船で約20分。浜に着くと、俺は演習の時と同じように指示を出した。AIMの兵士達は、まだなれないようではあるが、俺の指示を正確に受け入れ、隊列を整えてくれた。俺も抜かりがないように、サクに確認した上で考えながら指令を出した。
初陣で夜間の行軍は、ハードル高いだろと内心思ってたが、サクの的確な案内のおかげで、敵の後詰の側面を叩ける位置までの進軍に成功する。
敵は、野球場の跡地に陣を築いている。俺たちは、草むらや建物の背後に隠れながら、タイミングを見計らう。配下の数人に近くまで忍ばせて、陣中の様子を探らせる。すると、どうやら奴らは、呑気に晩飯を食っているとのことである。
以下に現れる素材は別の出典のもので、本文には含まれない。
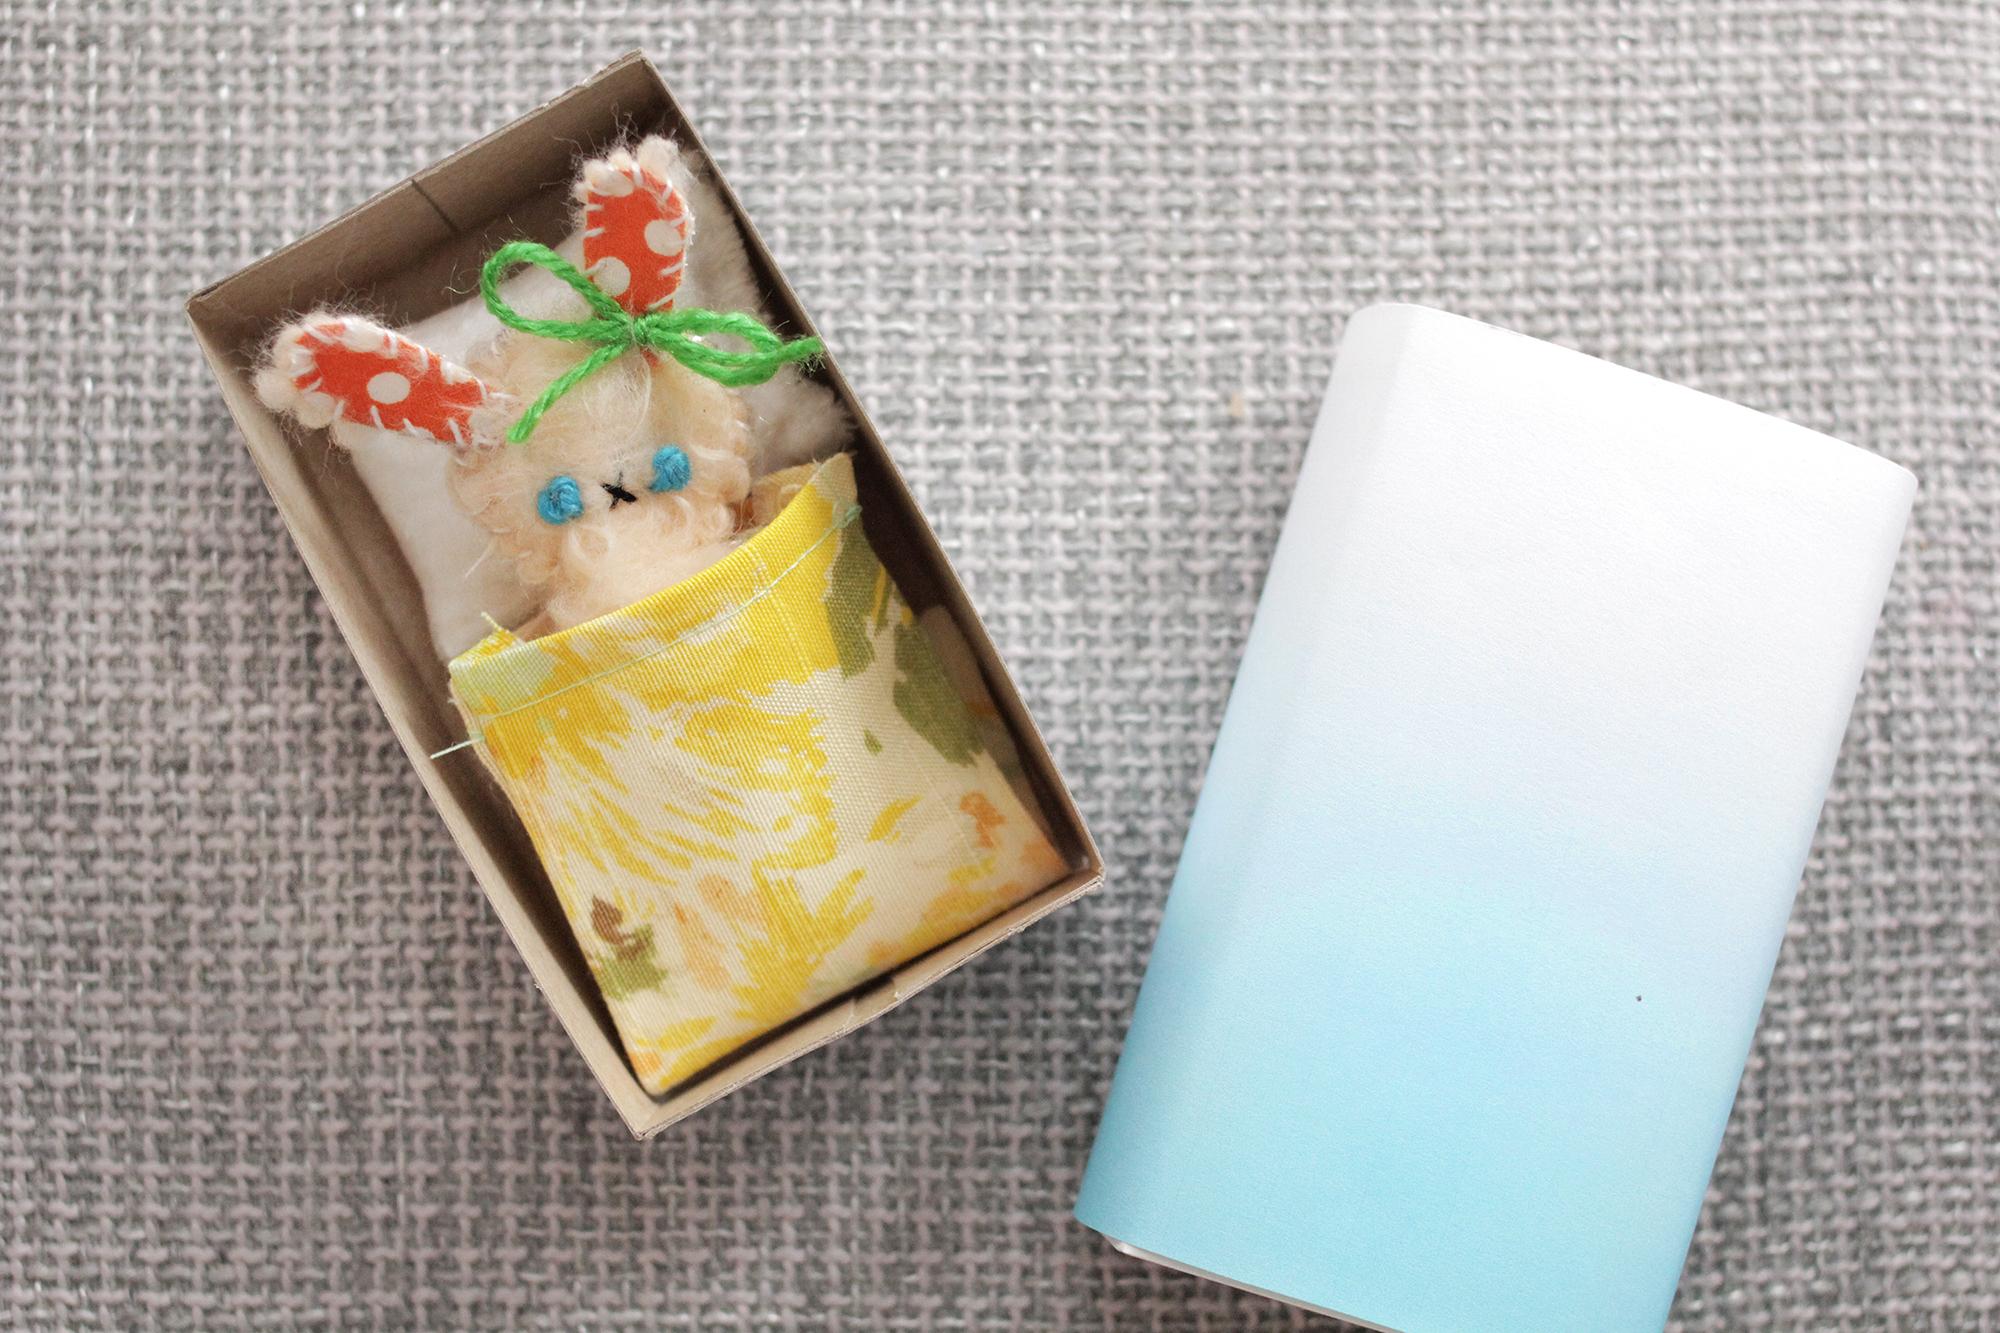 Matchbox dolls are such a fun handmade gift (click through for tutorial)

俺はこの気を逃すまいと、兵士を一斉に前進させた。
そして時はやってくる。
「行くぞ!!今こそ、カムイに選ばれしAIMの力を天に示すんだ!!」
すると兵士たちは、一斉に敵陣に銃弾を発砲した。陣中に悲鳴が響きわたり、空間が一気に荒々しい戦場へと変わる。
官軍の後詰部隊も見習い兵が多い。とはいえ、軍事訓練に精通した戦闘のエキスパートたちである。すかさず、こちらの動きを確認しながら反撃を開始してきた。一進一退の攻防戦になって、時間を稼がれては奇襲が成功しない。だから俺は、自らが先頭に立って敵陣へ突っ込んだ。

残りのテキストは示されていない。